The researchers also ran experiments with a mouse model of atopic dermatitis, a condition characterized by chronic itch. After deleting the Piezo1 gene in these mice, the mice scratched significantly less often than mice with the functional gene. All of this evidence, Hill says, indicates that PIEZO1 is important for sensing itch. 

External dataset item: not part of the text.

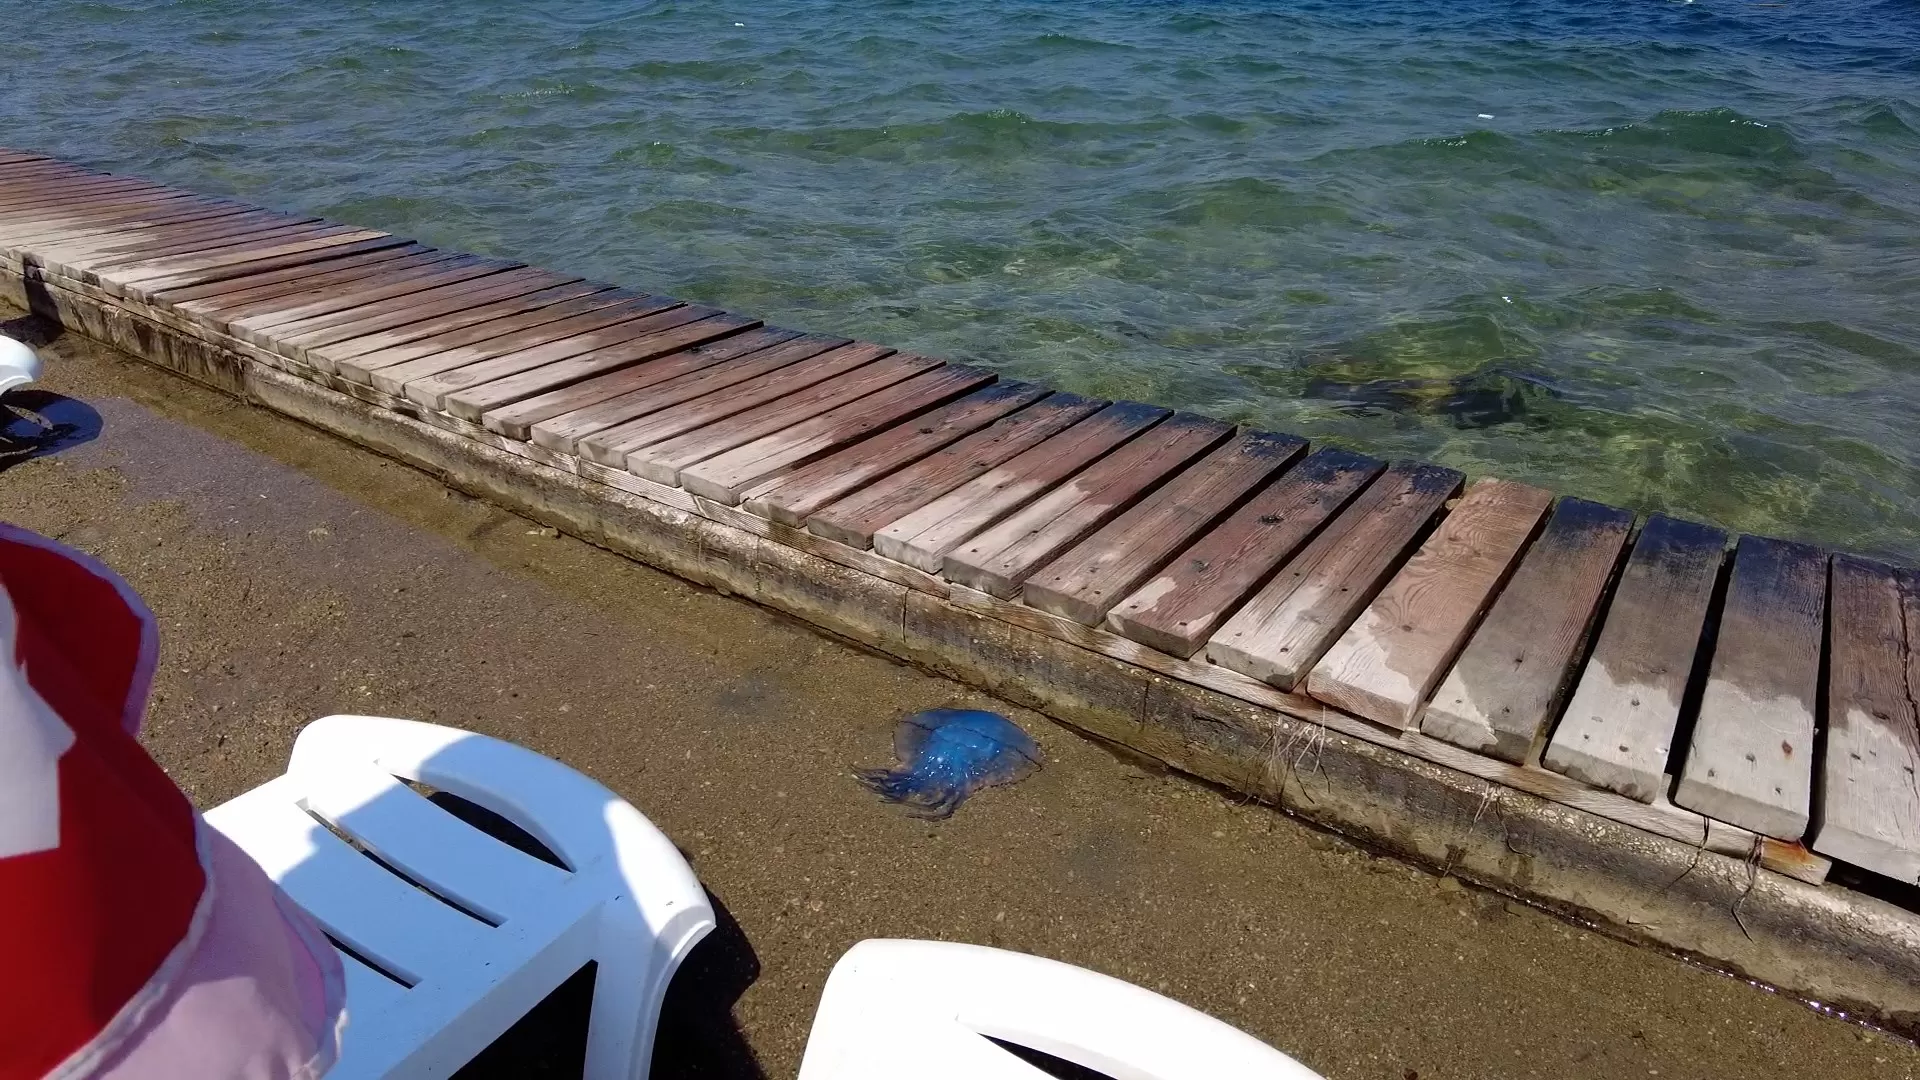 İzmir'in turistik ilçesi Foça'da, bazı sahillerde görülen denizanası istilası kentte adeta turizmi vurdu, plajlar boş kaldı.

While touch-evoked itch can be beneficial (for getting a parasite off your skin, for example), it can also be harmful. According to Hill, 10 percent of people will suffer from chronic itch at some point in their lives. She says that this study could help researchers develop treatments for the chronic itch that comes with certain devastating diseases, such as autoimmune disorders. 

“There is therapeutic potential for humans since we also express Piezo1 and it would be . . . possible” to block the PIEZO1 channel, Follansbee agrees. He adds that human studies are a necessary next step to understanding PIEZO1’s role in the human sensory system.